The tribunal heard that managers at Gartner had said they regarded Mr Ajroldi’s behaviour as ‘reciprocal’. Pictured: Gartner consultancy firm headquarters in Egham, Surrey
Judge Tobin said: ‘We are an experienced Tribunal and note that documentary evidence indicating such a discriminatory culture is rare.
‘The harassment started slightly at first with comments, particularly about the her appearance and her standing (i.e. good girl) which then escalated into inappropriate advances.

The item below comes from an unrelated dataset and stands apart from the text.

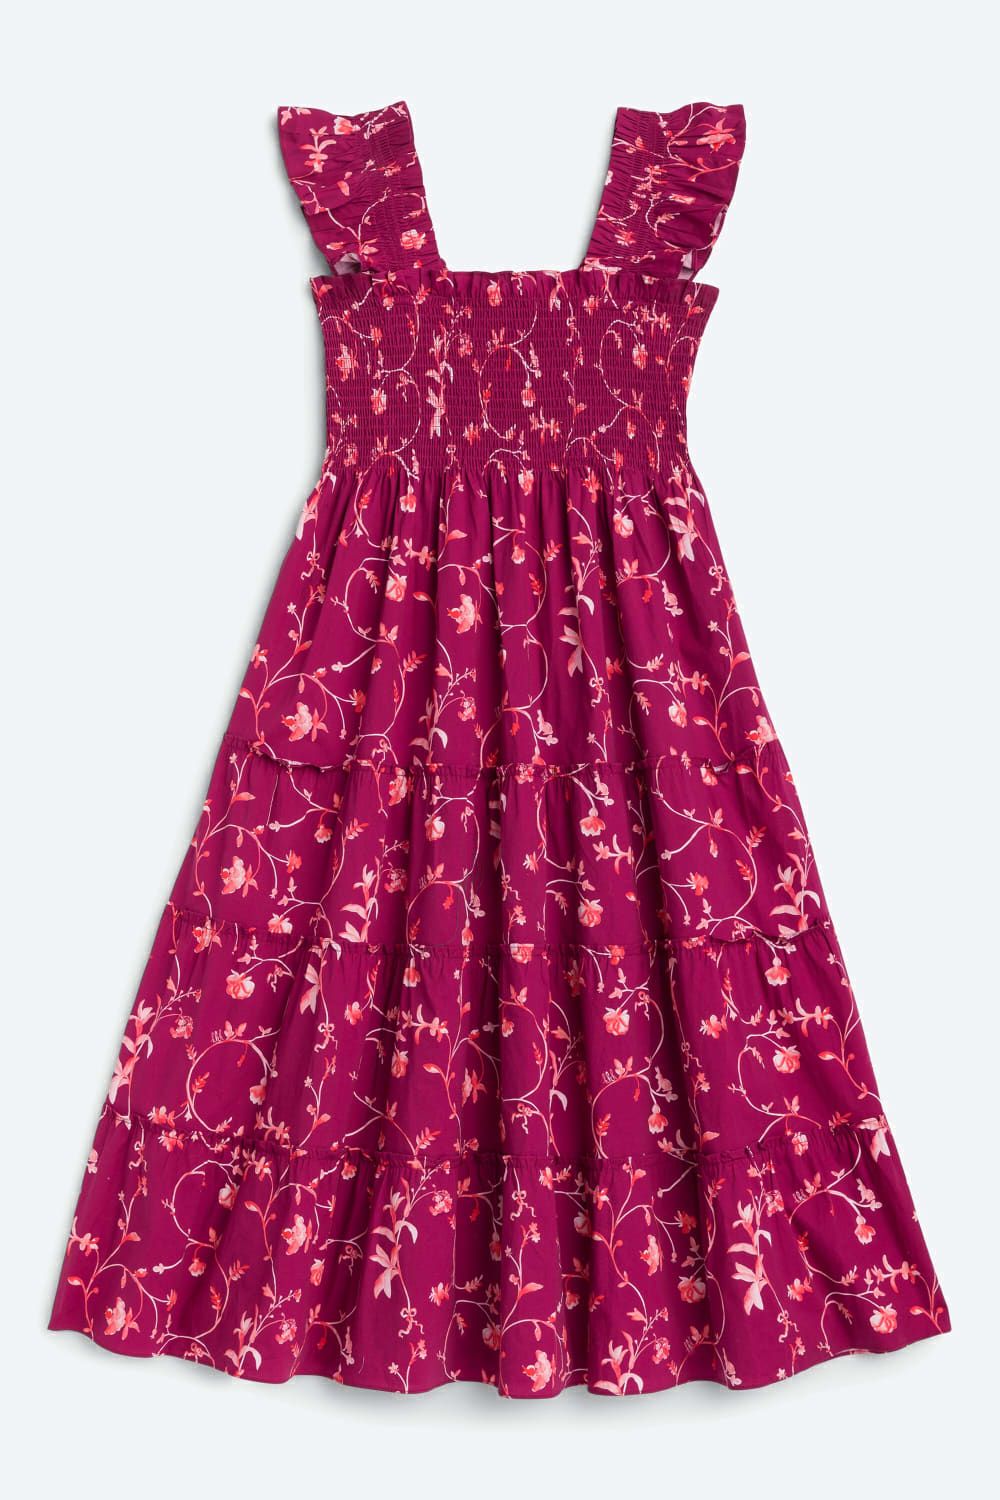 Ellie Nap Dress | Stitch Fix

‘Language evolves over time. Words and phrases that might once have seemed harmless are now regarded as racial, homophobic and sexist slurs.
‘Some phrases, whilst not regarded as taboo, are generally regarded as inappropriate in the workplace.
‘Referring to a woman in her late-30s with a school-age child as a girl is demeaning.
‘We find Ms Fricker was sexually harassed and treated less favourably because of her rejection of the harassment.’
Ms Fricker’s claims of constructive unfair dismissal also succeeded, though other complaints of sex discrimination and victimisation failed.
Compensation will be determined at a later date.